Бутылка бормотухи помаленьку через соломинку проникала и ударяла в головы, делая мысли их о будущем легкими и летучими, как пух одуванчика. Проигрыватель непрерывными быстрыми, глухими ударами тамтама из кожи буйвола перенес их в джунгли к костру, вокруг которого тряслись полуголые фигуры. Танцуй как хочешь, одевайся как хочешь или вовсе не одевайся… Временами Броня прятал ладонь под Байбиной рубашкой, но, как только на лестнице раздавались шаги, выдергивал ее оттуда.

Когда губы от поцелуев стали болеть и бутылка была опорожнена, оба как бы задремали. Очнулись, когда под тахтой загрохотал пол. Броня, еще не открыв глаза, метнул руку в сторону проигрывателя. Тот умолк, и пол перестал дрожать.

— Внизу живет жуткий тип, ночью не дает играть, в комнате у него специальная палка, которой он стучит в потолок.

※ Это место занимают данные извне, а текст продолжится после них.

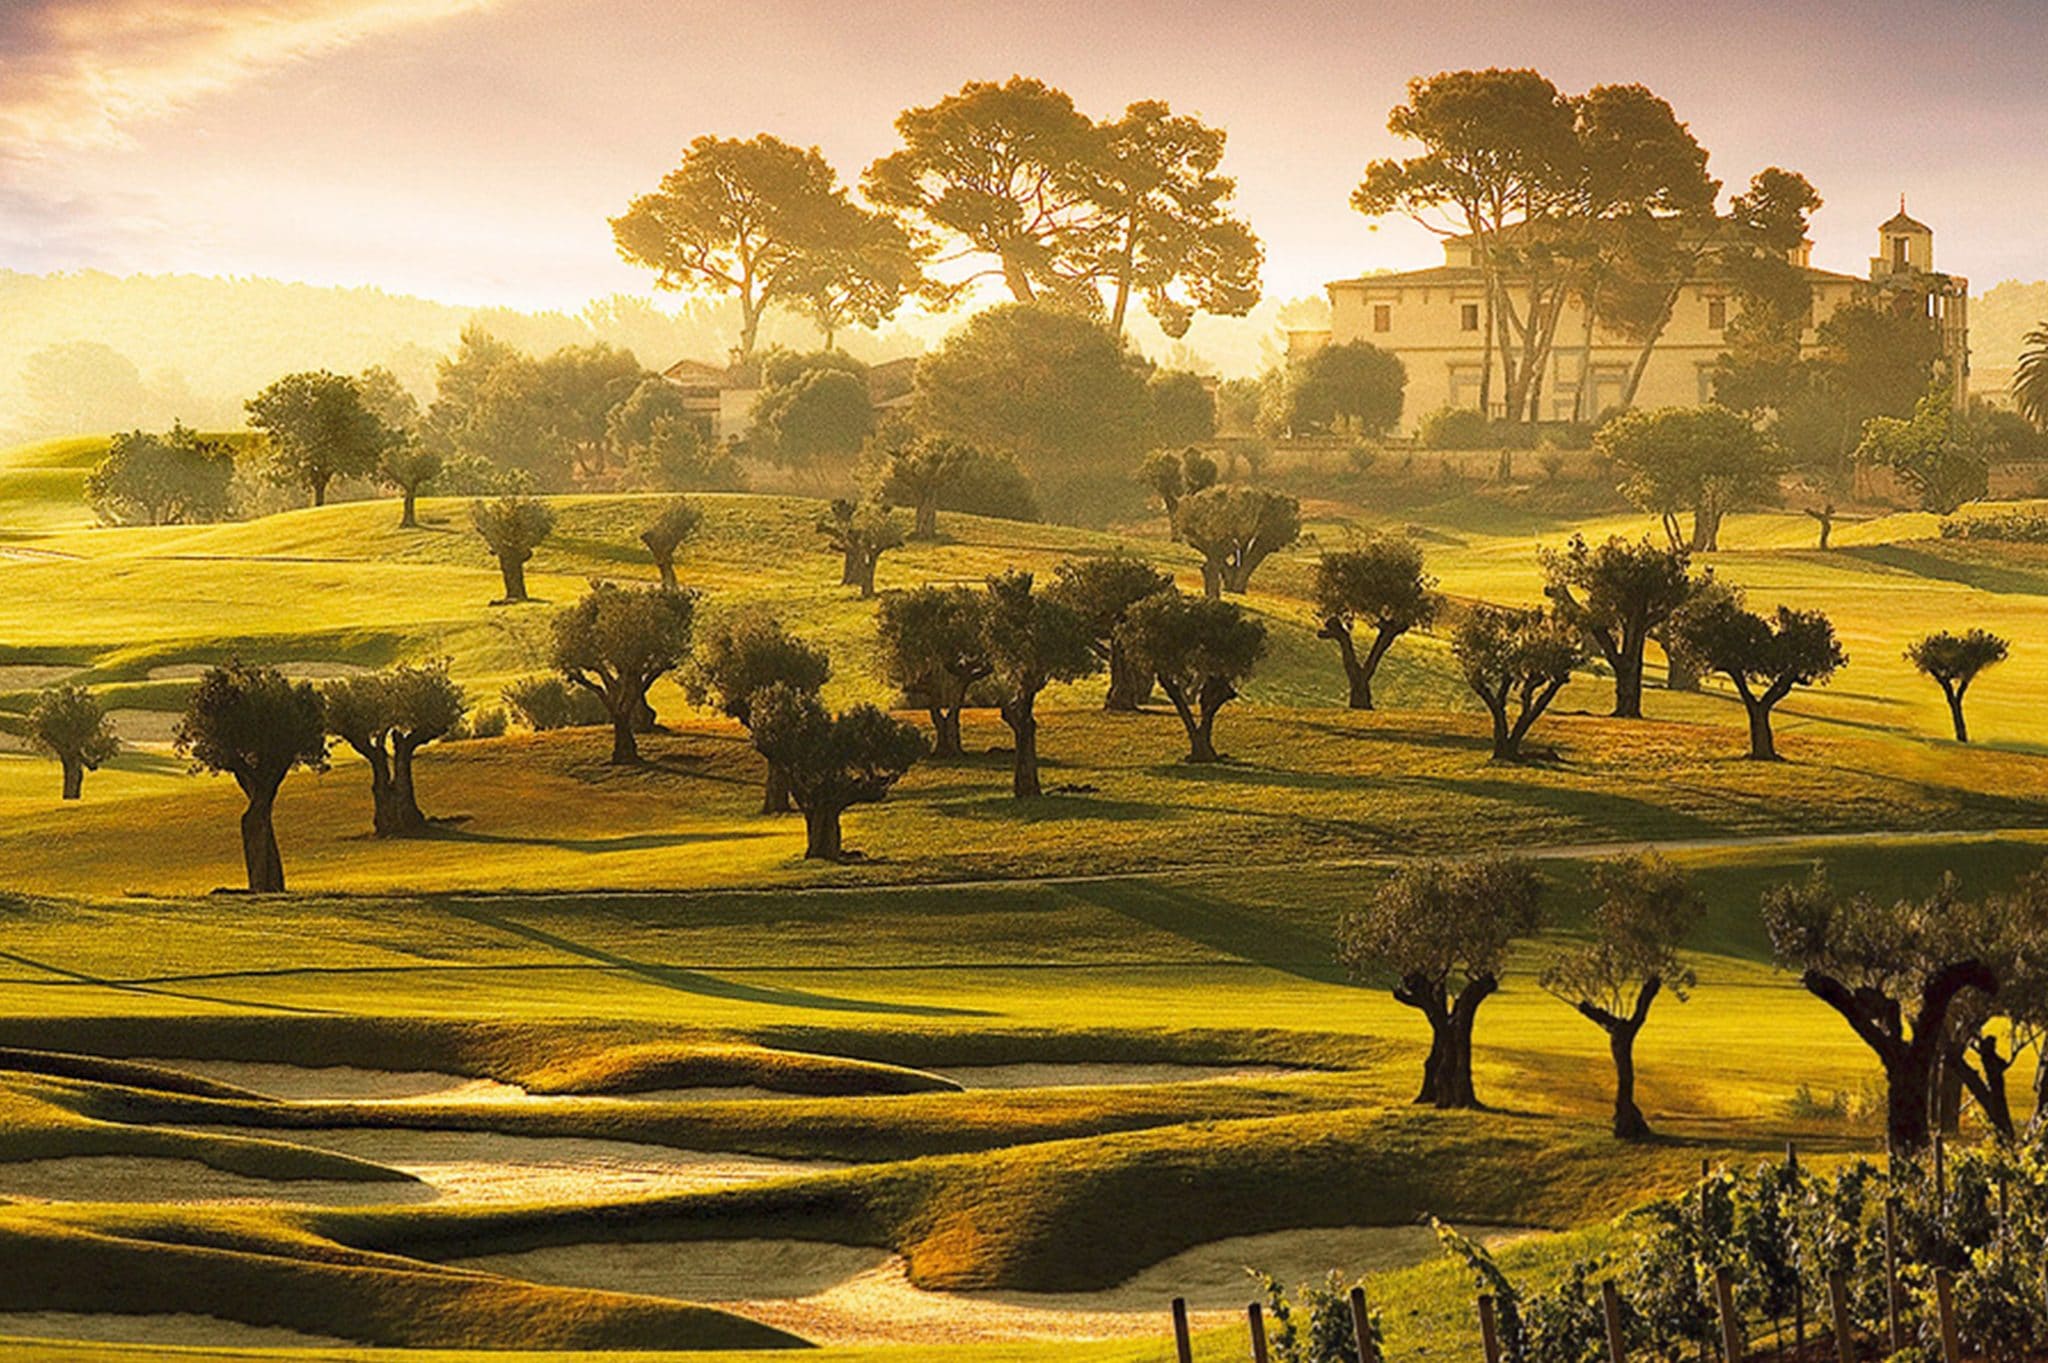 Vacaciones de golf, los mejores campos de España
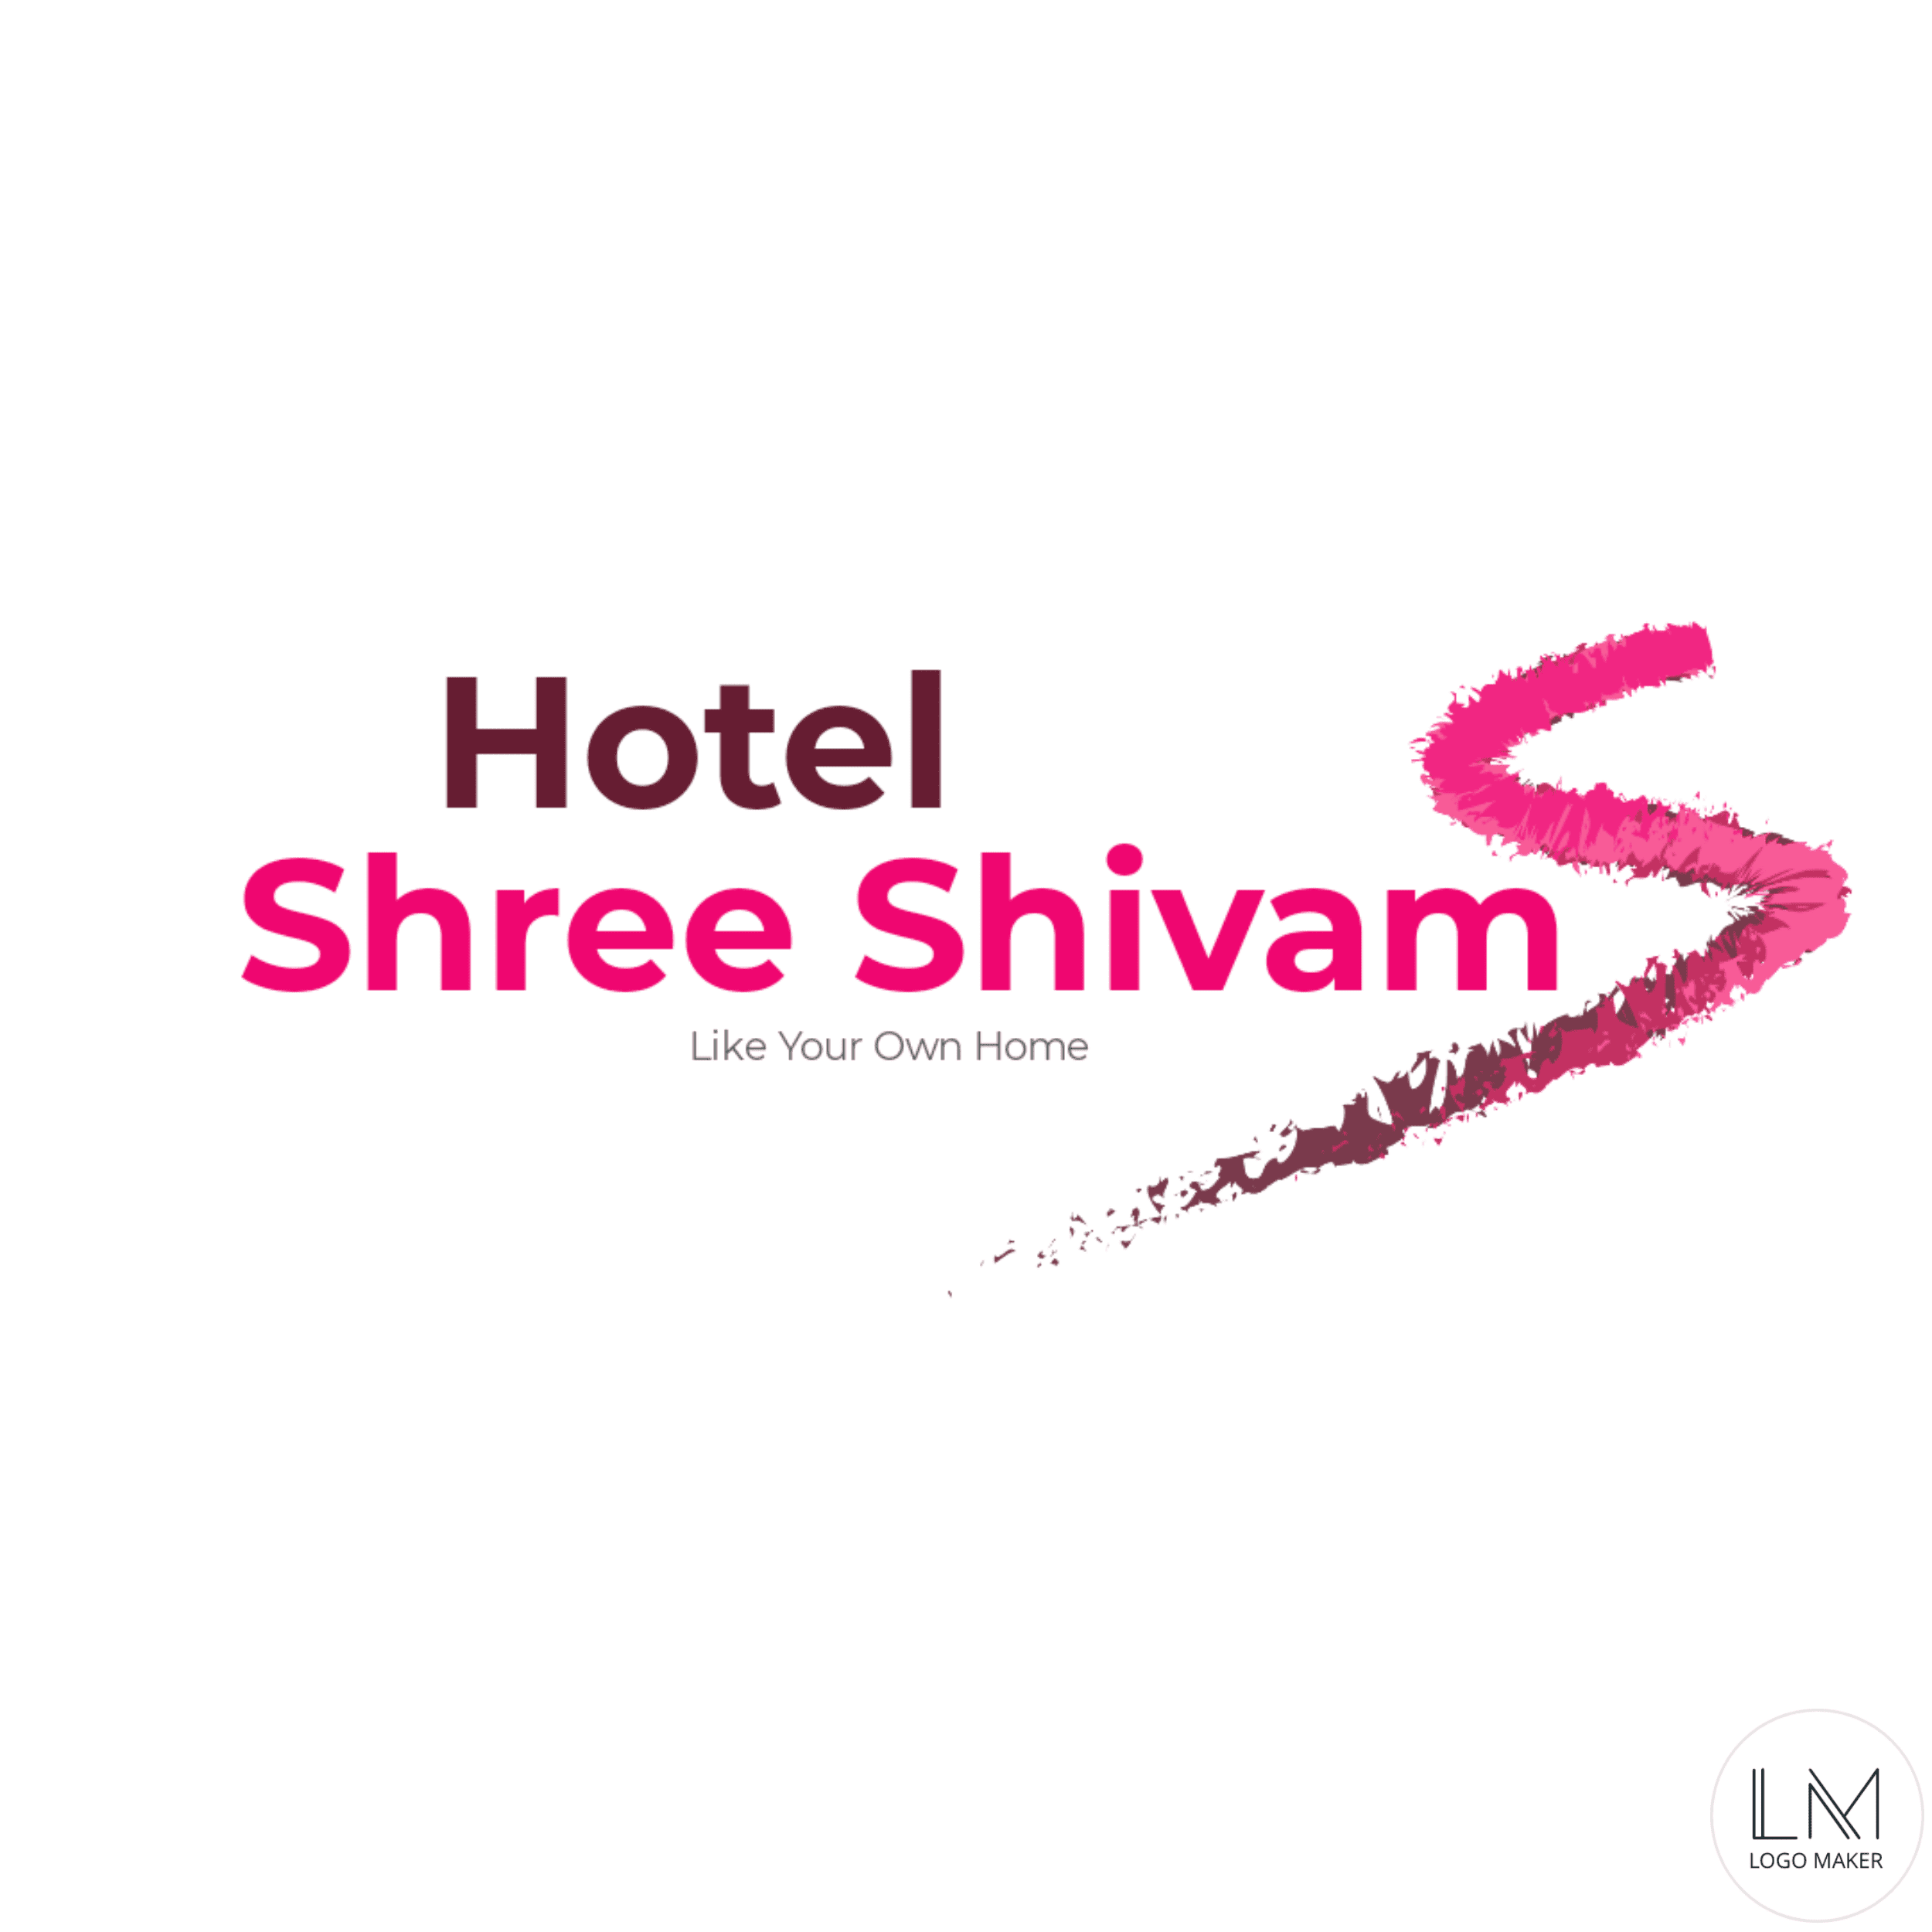 Hotel Shree Shivam

Когда прогрохотал первый трамвай, они стали укладывать в рюкзак все, что необходимо для вольной жизни. Обув новые тупоносые туфли на платформе и высоких каблуках, с проигрывателем в руке, Броня открыл двери, оставив записку, что уезжает в деревню к другу заниматься. На улице они нацепили очки с темными стеклами величиной с ладонь. Очки, так же как мягкое колыхание слоновоногих штанов, сделали их неразличимо похожими, превращали в братишку и сестренку, Гензеля и Гретель на утренней прогулке в заколдованном лесу. У себя дома Байба тоже уложила в рюкзак все необходимое и тоже обула туфли на платформе, потому что таковые в настоящий момент носила и певица Сюзи Кватро и другие известные в Европе персоны. В буфете под тарелкой с хлебом хранились расхожие деньги матери. Байба взяла только одну фиолетовую.